Guillaume Lemaitre - Get the best from your scikit-learn classifier | PyData Global 2023

Discover strategies to improve scikit-learn classifier performance, including tuning, calibration, and proper scoring rules, and learn how to optimize for business metrics to achieve reliable and effective model results.

Key takeaways
  • Resampling is not a good approach for class imbalance: It’s not a proper solution and can actually make things worse.
  • Tuning the model is important: Grid search and hyperparameter tuning are crucial to optimize the model.
  • Use proper scoring rules: Log loss, Brier score, and other proper scoring rules are more effective than accuracy, precision, and recall.
  • Business metrics are important: Define a business metric that aligns with the problem you’re trying to solve and optimize for that.
  • Calibration is key: Make sure the model is well-calibrated to avoid overfitting.
  • Random forest can be improved: Balanced random forest can be a good approach to handle class imbalance.

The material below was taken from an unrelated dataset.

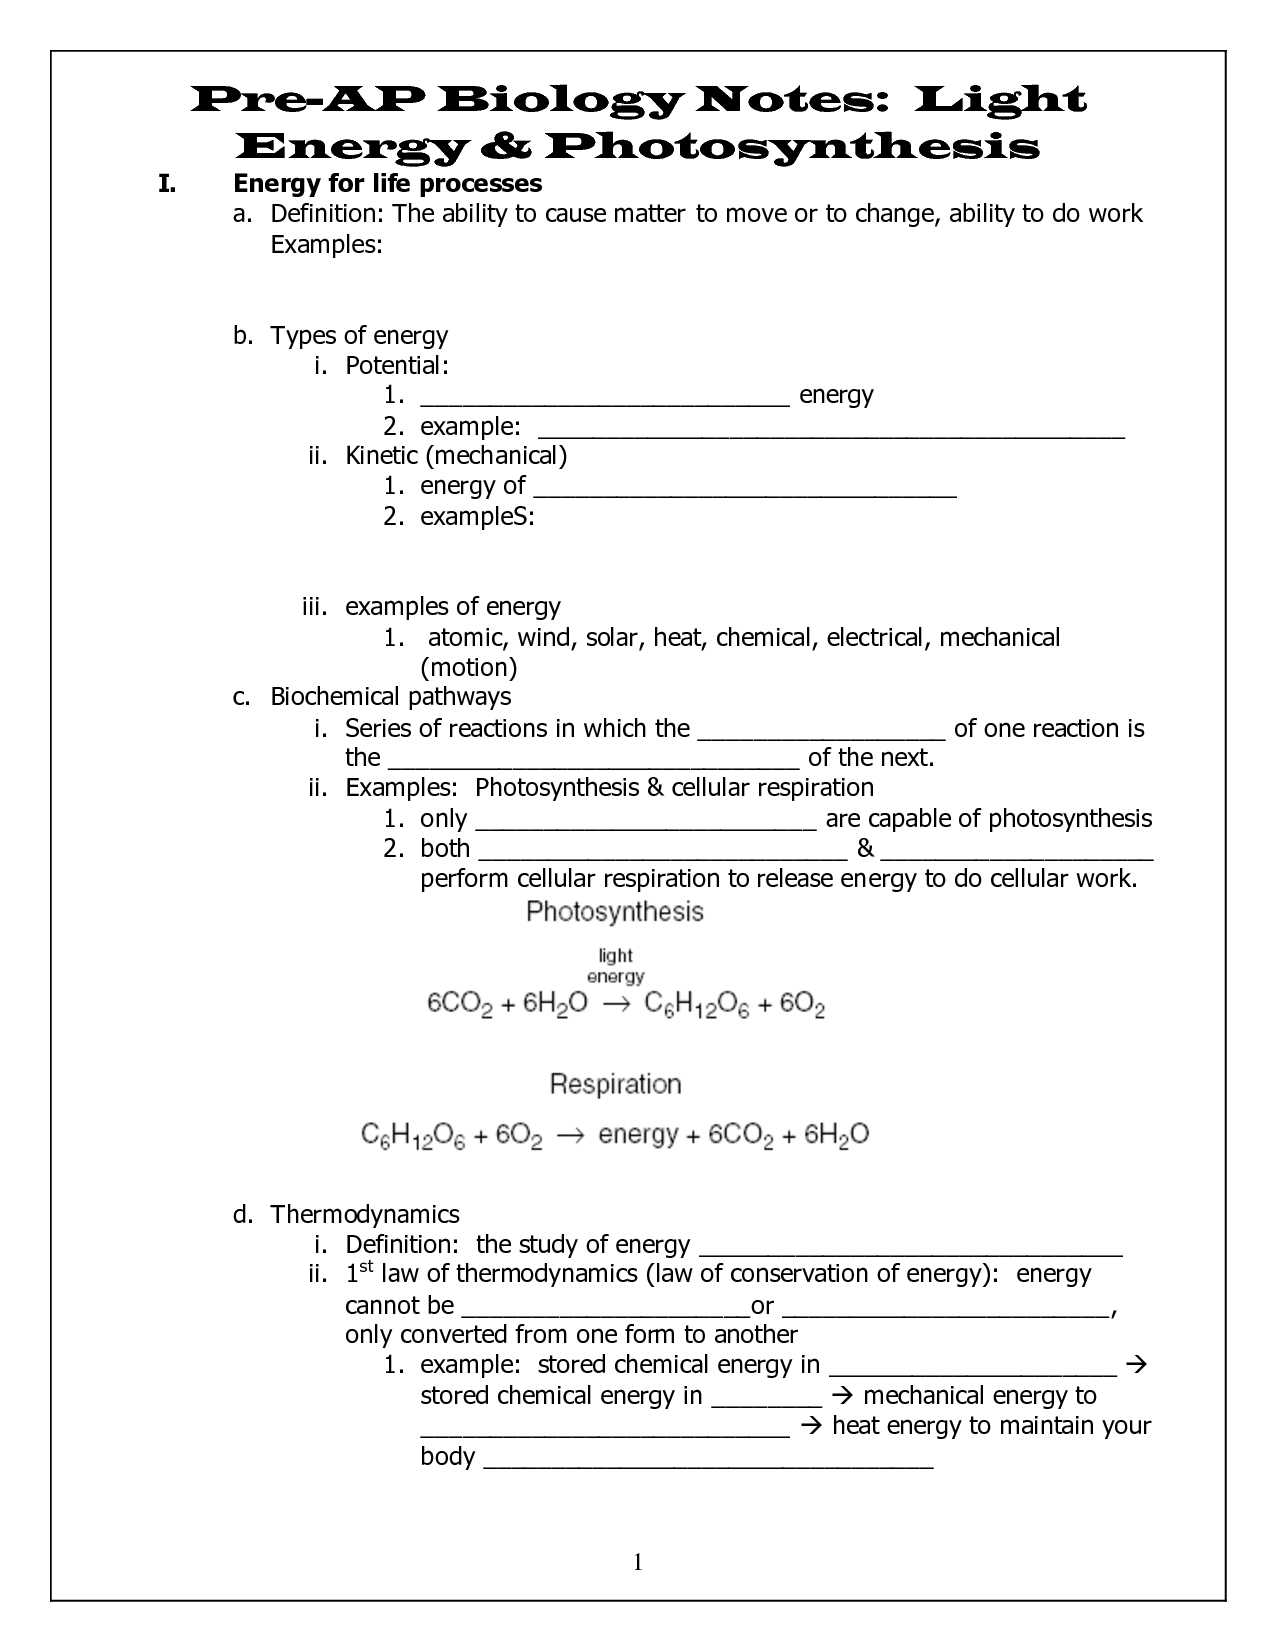 Photosynthesis and Cellular Respiration Review Worksheet Answer Key with Bio Worksheet the Best Worksheets Image Collection

  • Resampling can be problematic: It can mess up the calibration of the model and lead to overfitting.
  • Grid search can be useful: Use grid search to tune the hyperparameters of the model.
  • Thresholding is important: Tune the threshold to optimize the model for the specific problem.
  • Resampling is not necessary: If you’re using a well-calibrated model, resampling may not be necessary.
  • Use metadata: Use metadata to define the business metric and optimize the model.
  • Imbalanced classification is a problem: Imbalanced classification can lead to overfitting and poor performance.
  • Proper calibration is important: Proper calibration is important to avoid overfitting and ensure the model is reliable.
  • Business metrics are the goal: The goal is to optimize the business metric, not just the accuracy of the model.